The Hindustan Times and the Rs 53-crore Mid-Day Multimedia are in talks for joining hands on matrimonial advertising. If it comes through, this would be the second alliance between the two media houses in recent times. Nearly two months back, the two had come together, with the Indian Express group, to sell 'appointments' (job ads) under a special joint package. The objective, as in the previous arrangement, is to offer a better value on a pan-India basis. But unlike before, the Indian Express Group may not be a part of this alliance. Though a clear picture is yet to emerge, indications are that Mid-Day and HT may either go ahead on their own or include a third publication other than the Express.
While neither of the two is willing to announce anything in public at this moment, a senior executive at Mid-Day disclosed, on condition of anonymity, that talks have been on to extend the alliance. "While we are delivering Mumbai to advertisers, there are certain categories of advertising which are not geographically restricting, for instance jobs and matrimonials," he reasons. "People are looking for jobs and spouses anywhere and everywhere in the world. So delivering only one market to such advertisers is not enough."

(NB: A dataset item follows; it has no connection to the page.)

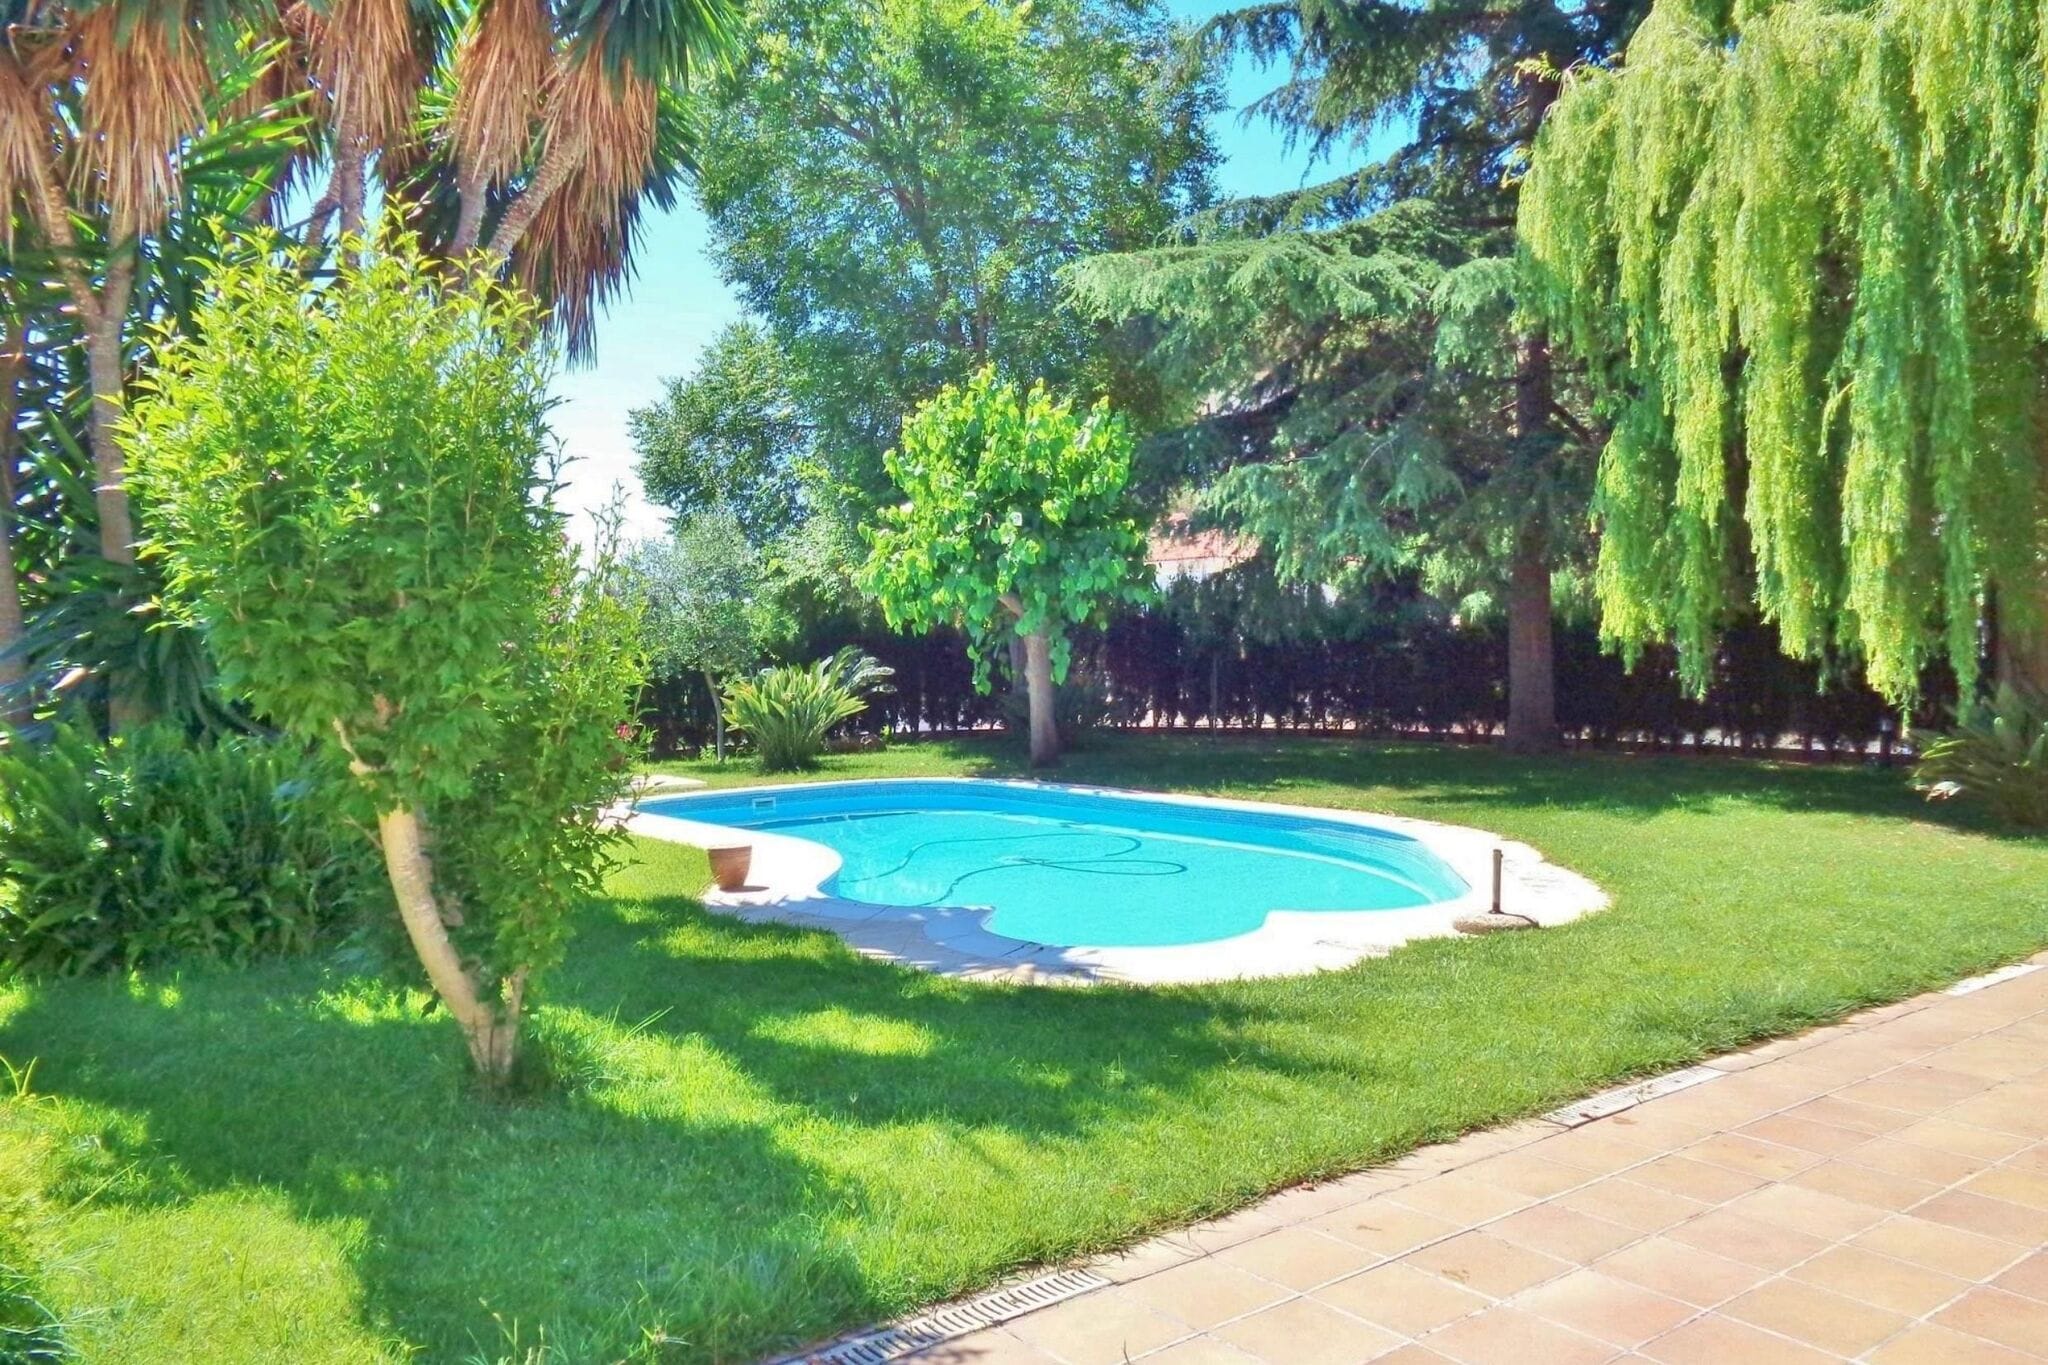 Authentic holiday villa in Sant Pol de Mar, just 250 meters from the beach

This is where the thought process started for a joint initiative on appointment ads. Also, it tries to come across as an alternative to the Times. To date, the Times of India Group, with its strategic spread of publications, has been an ideal channel-mix with somewhat of a national reach. Any package that has to counter the Times' proposition has to be a national-level deal at a lower price (or better value by alternate ways). That is precisely what the trio's appointments alliance does.
For one, the three bring significant readership numbers across the markets they operate - Hindustan Times in Delhi, Mid-Day in day-time Mumbai, Indian Express and Loksatta (Marathi) in Pune and Mumbai. "The core promise is: 66-per cent more readers (than the Times) at half the price (Rs 1,500 per cc versus Times' Rs 3,500)," says the source.

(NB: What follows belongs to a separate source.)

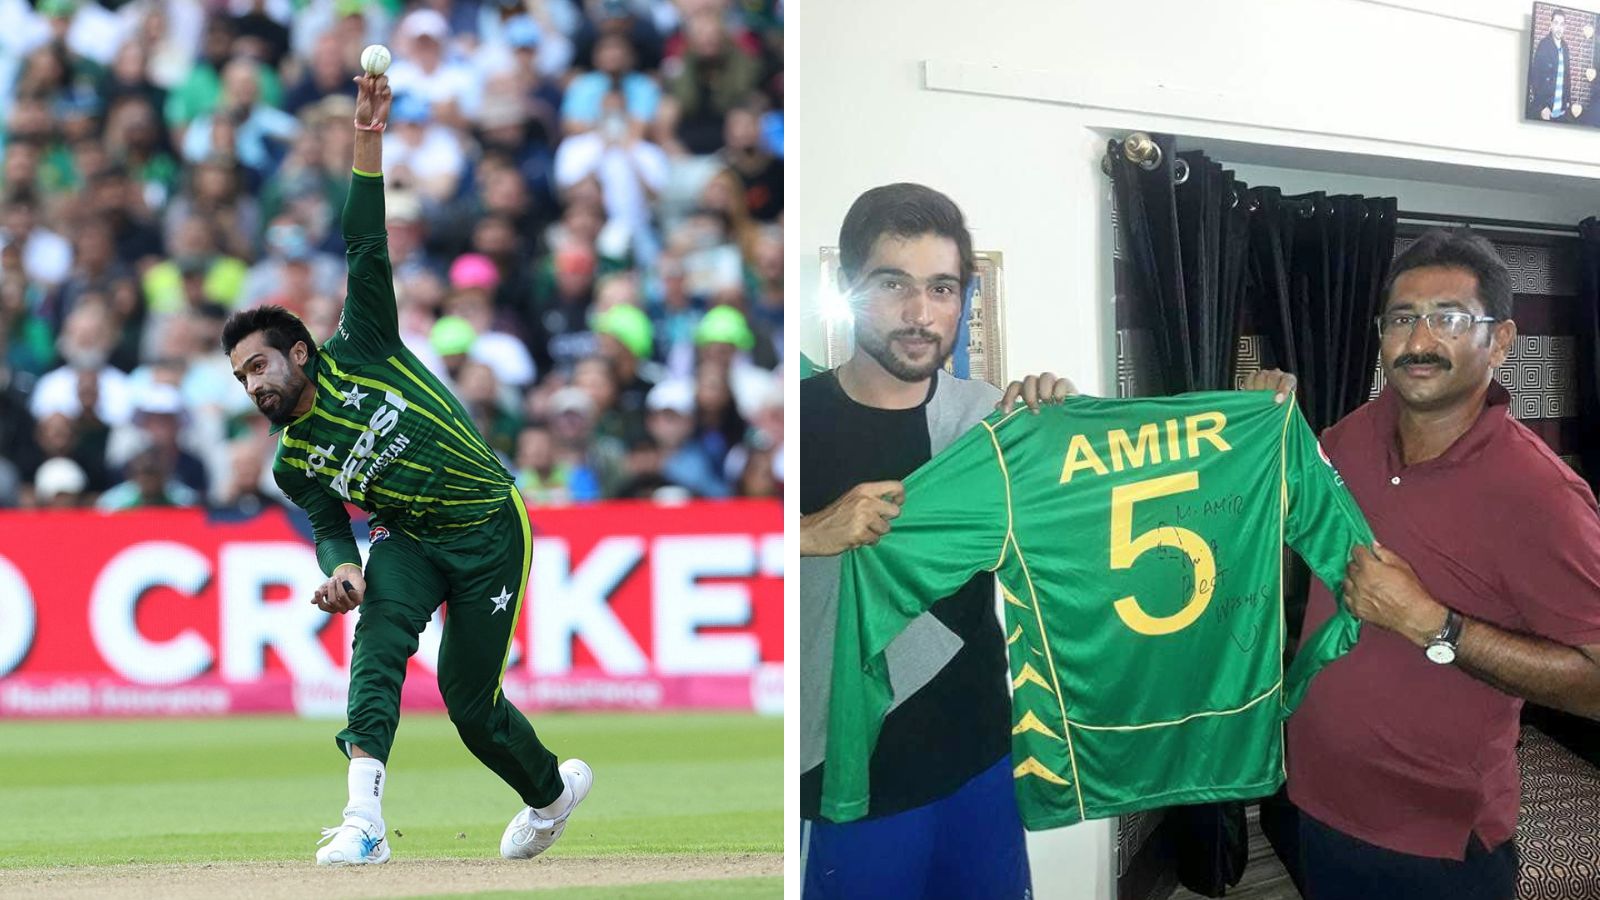 t20-world-cup-pakistan-s-mohammad-amir-once-tipped-to-be-better-than-wasim-akram-now-making-another-comeback-at-32

Alongside, each of the three media houses redid their editorial products related to appointment ads. HT Careers was relaunched; so was Express' Headstart. Mid-Day introduced a totally new broadsheet (unlike its regular tabloid size) called The Big Break. Though its regular jobs section, Momentum, continues to carry Mumbai-specific ads in the tabloid, The Big Break seeks national-level ads and is beefed up with HR-related editorial content. Now, ad-sales teams from the three houses carry their individual rate cards, explains the Mid-Day source, as well as cards detailing rates for joint packages.
"Mid-Day has been in talks with the 77-year-old Hindustan Times for over a year at various levels (Radio Mid-Day and HT for FM radio, or instance)," discloses the source. "Talks have been on lately on matrimonials. We have 70 classified centres across Mumbai which accept business; HT has none. And it is the reverse in Delhi," he says. "If this alliance comes into being, we can easily ride each other's infrastructure too." For a day-time tabloid like Mid-Day, the percentage of total revenues contributed by classifieds and appointment ads is "very big". Categories like tours and travel and accommodation fetch the highest returns.
Matrimonials is an extremely high-volume business for the Hindustan Times as also a big revenue earner. Its popularity can be gauged from the fact that about three years back, both the Times and the Hindustan Times created special pullouts of matrimonial ads on Sundays and branded the other days for category-specific classifieds. They even pulled down rates, thus attracting higher numbers. The Hindustan Times has also taken matrimonial ads on to the Net in a big way through its website, which contains NRI listings from USA, Canada, UK, Australia and the Middle East. More than anything, classifieds ensure a direct customer contact to publications, thus indicating their reader strengths.